▶ What is needed: The following data needs to be repeated exactly, with all images excluded.

▶ Data segment:

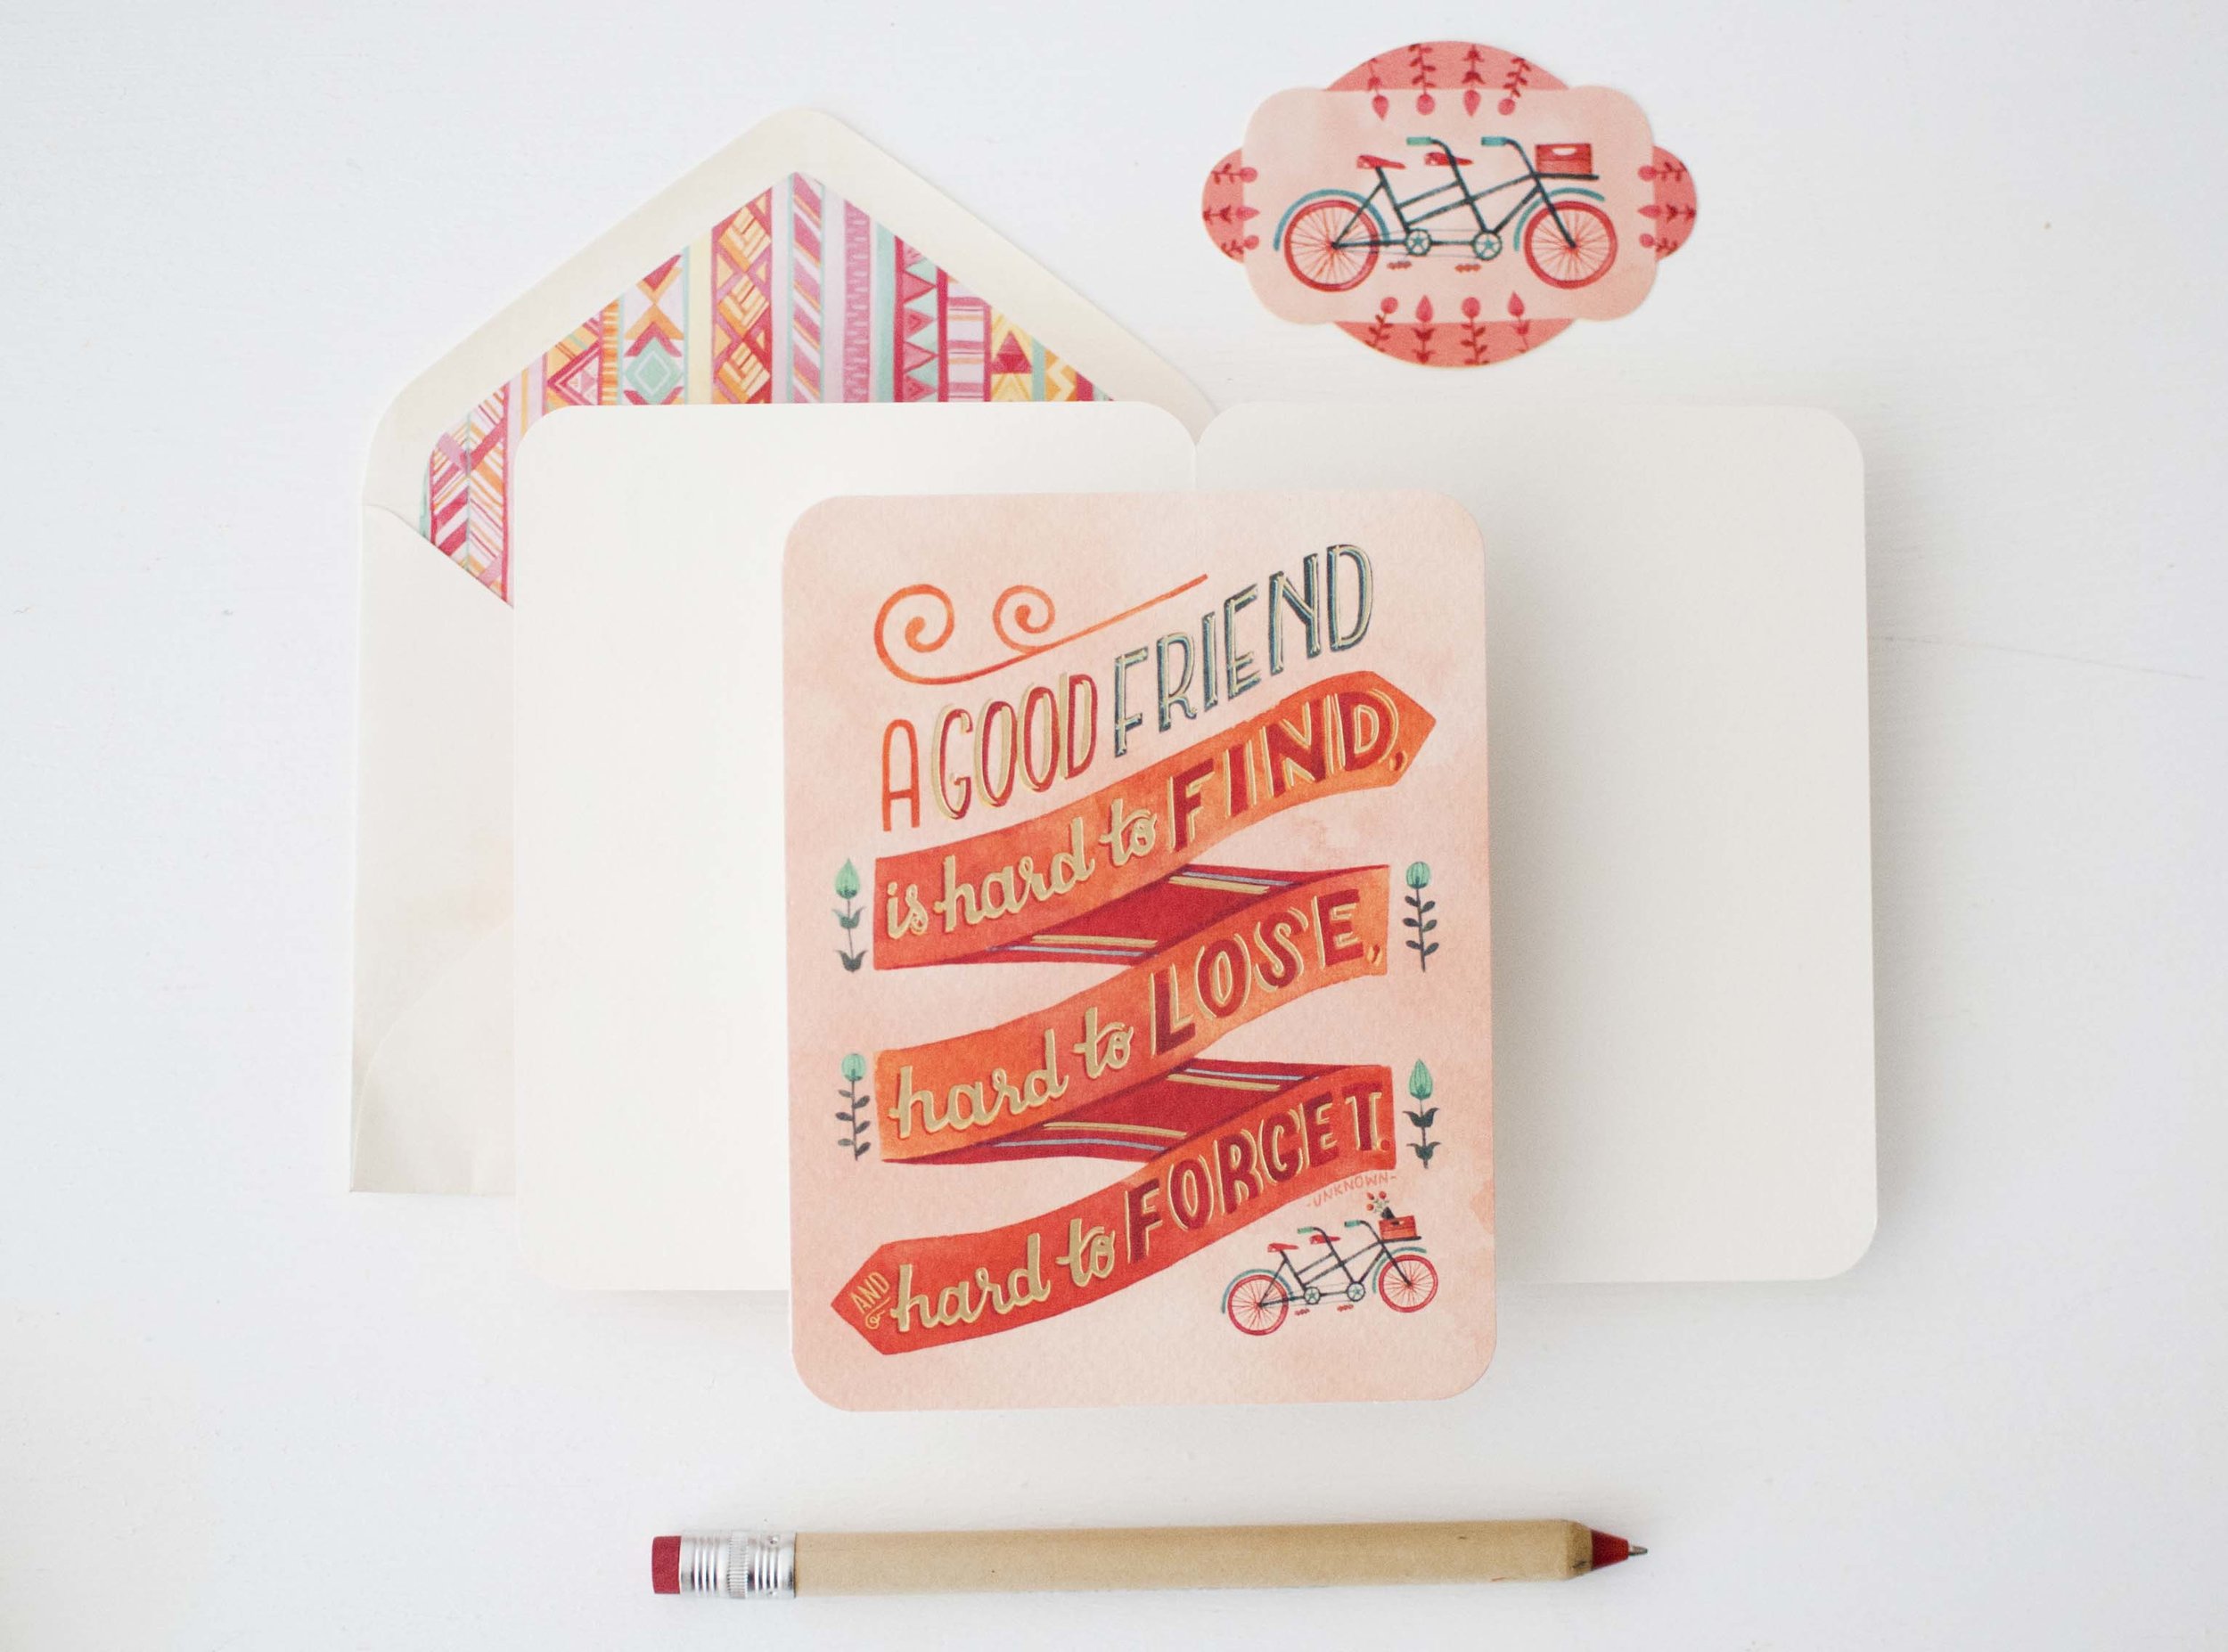 Studio Oh! Deluxe Greeting Card // Art by Becca Cahan
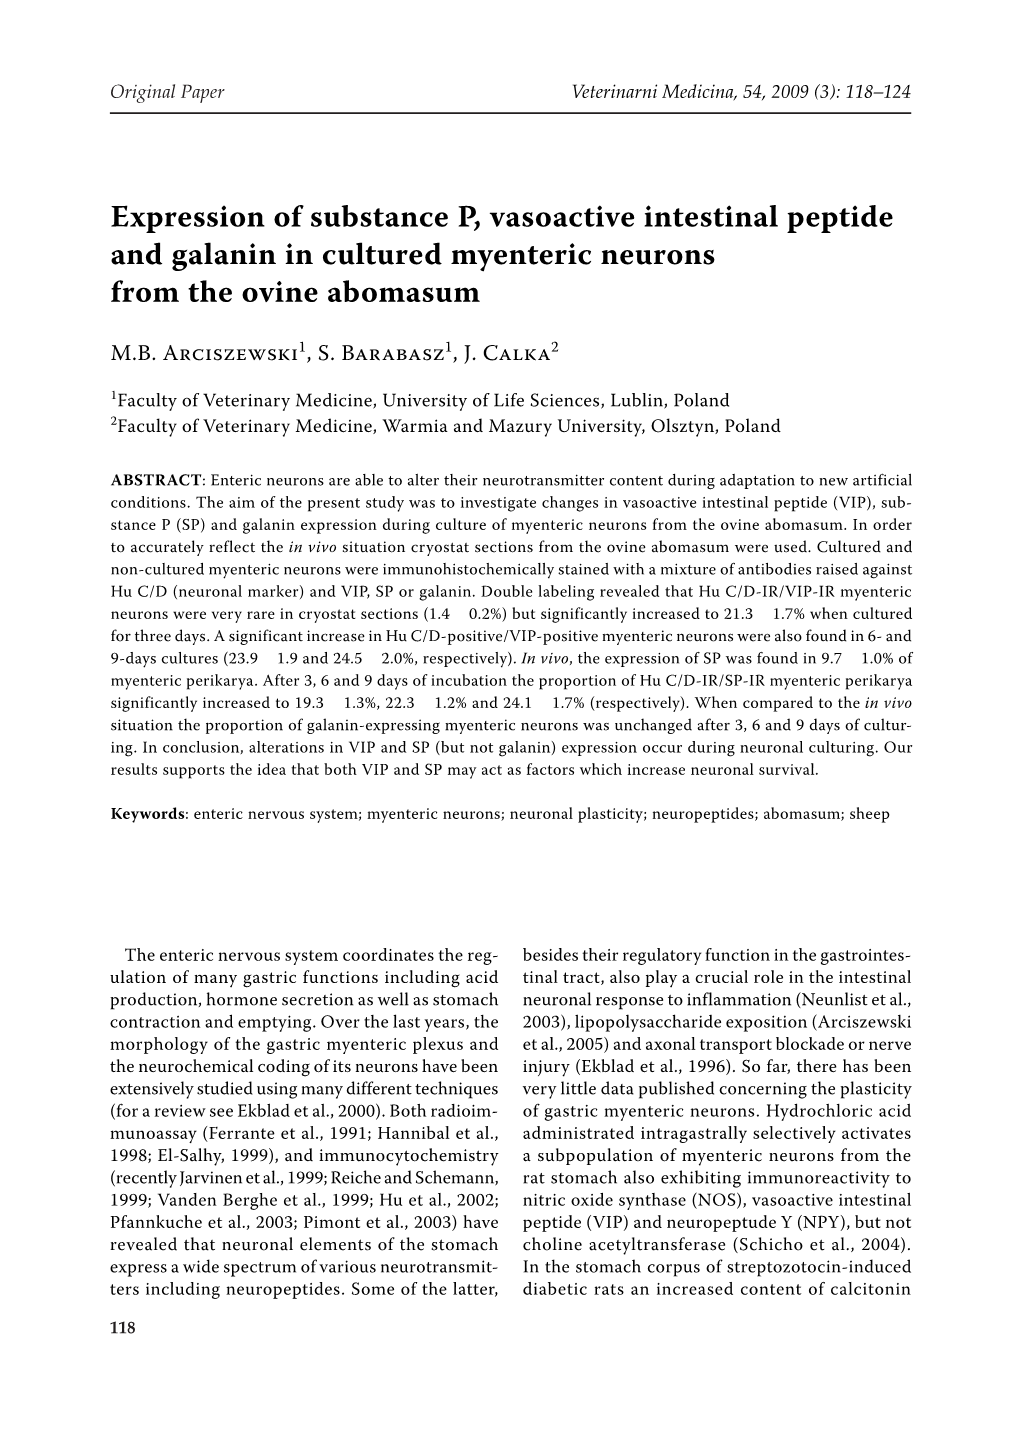 Expression of Substance P, Vasoactive Intestinal Peptide and Galanin in Cultured Myenteric Neurons from the Ovine Abomasum
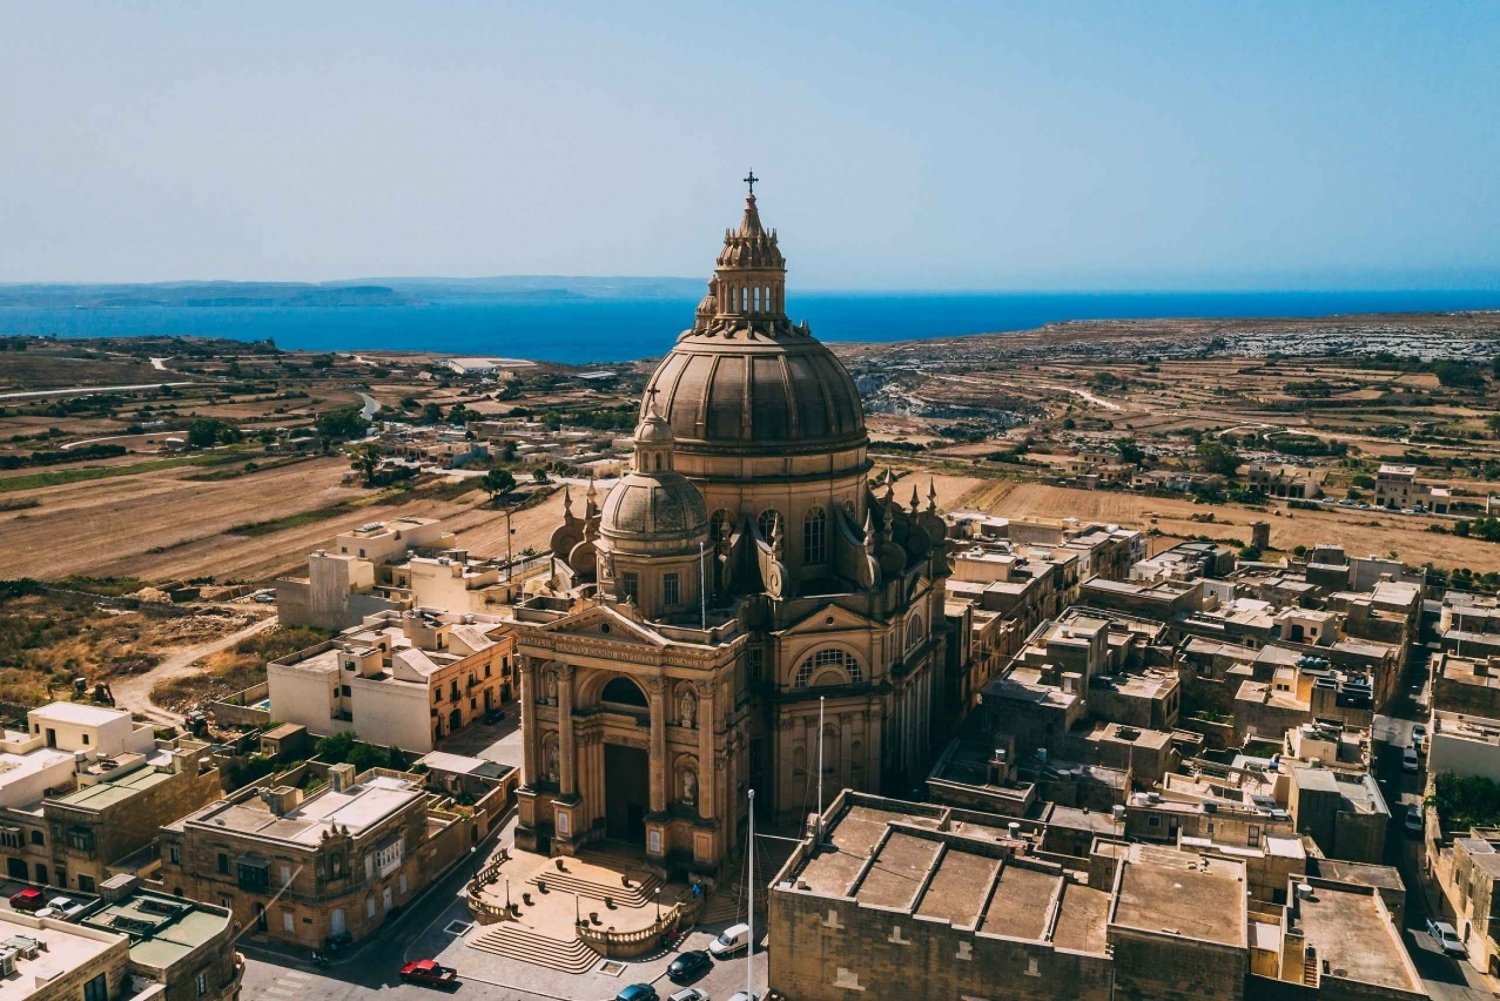 Malta: Full-Day Gozo and Blue Lagoon Cruise with Drinks
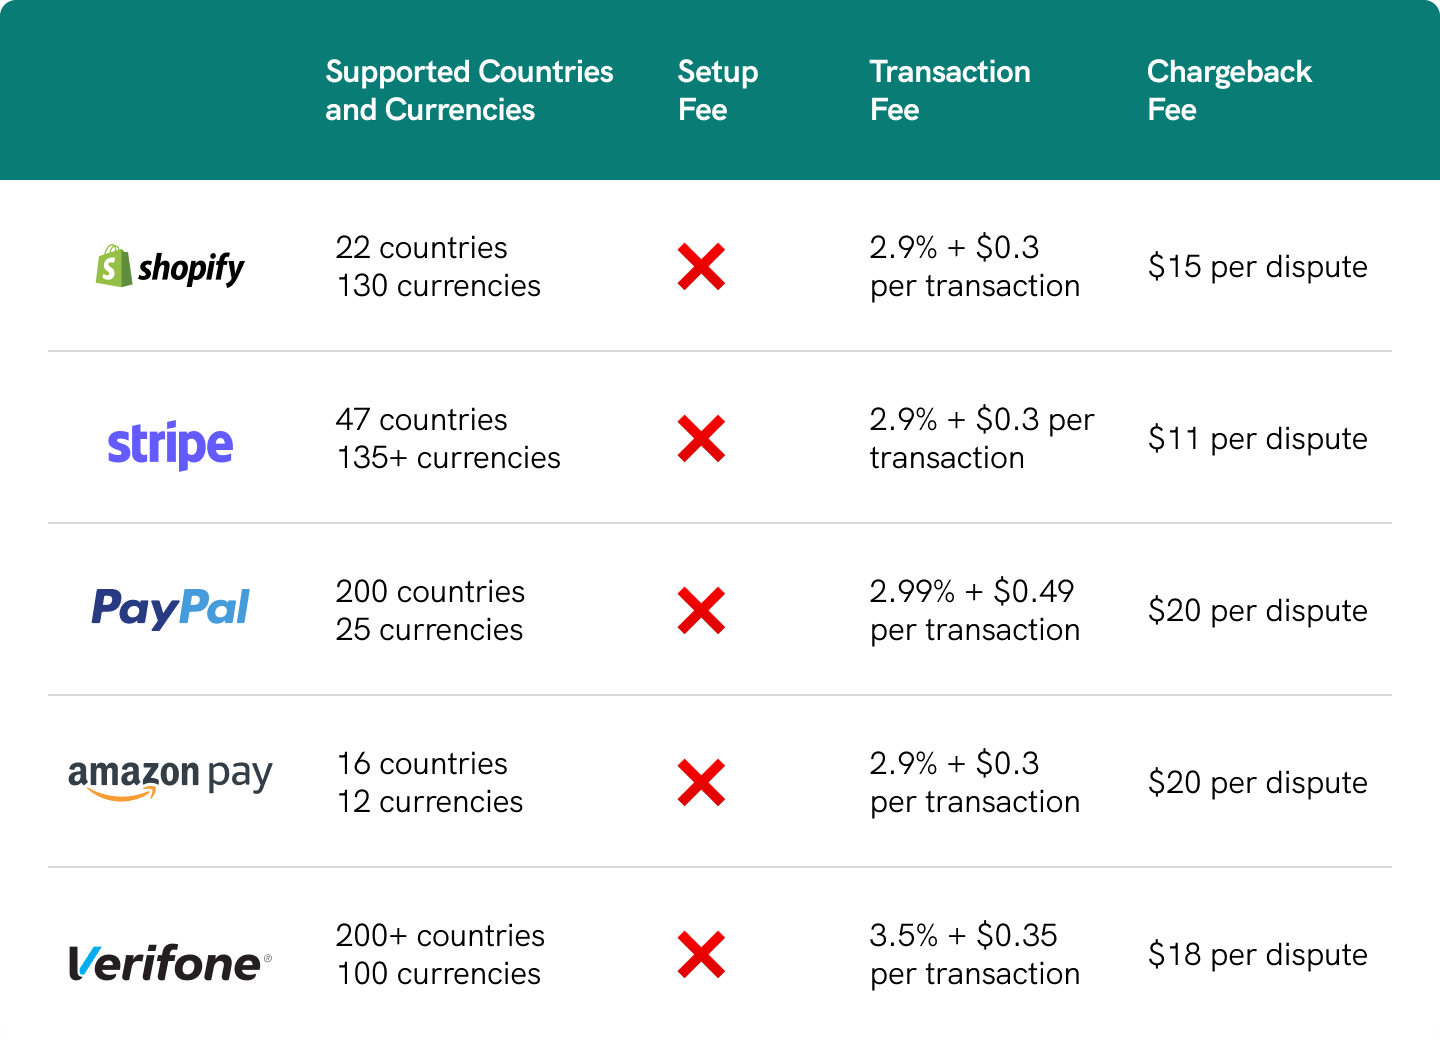 infographic table of the 5 best payment gateways for Shopify and their supported countries, currencies, setup fees, transaction fee, and chargeback fee for each method.

▶ Answer box:
 Studio Oh! Deluxe Greeting Card // Art by Becca Cahan
 Expression of Substance P, Vasoactive Intestinal Peptide and Galanin in Cultured Myenteric Neurons from the Ovine Abomasum
 Malta: Full-Day Gozo and Blue Lagoon Cruise with Drinks
 infographic table of the 5 best payment gateways for Shopify and their supported countries, currencies, setup fees, transaction fee, and chargeback fee for each method.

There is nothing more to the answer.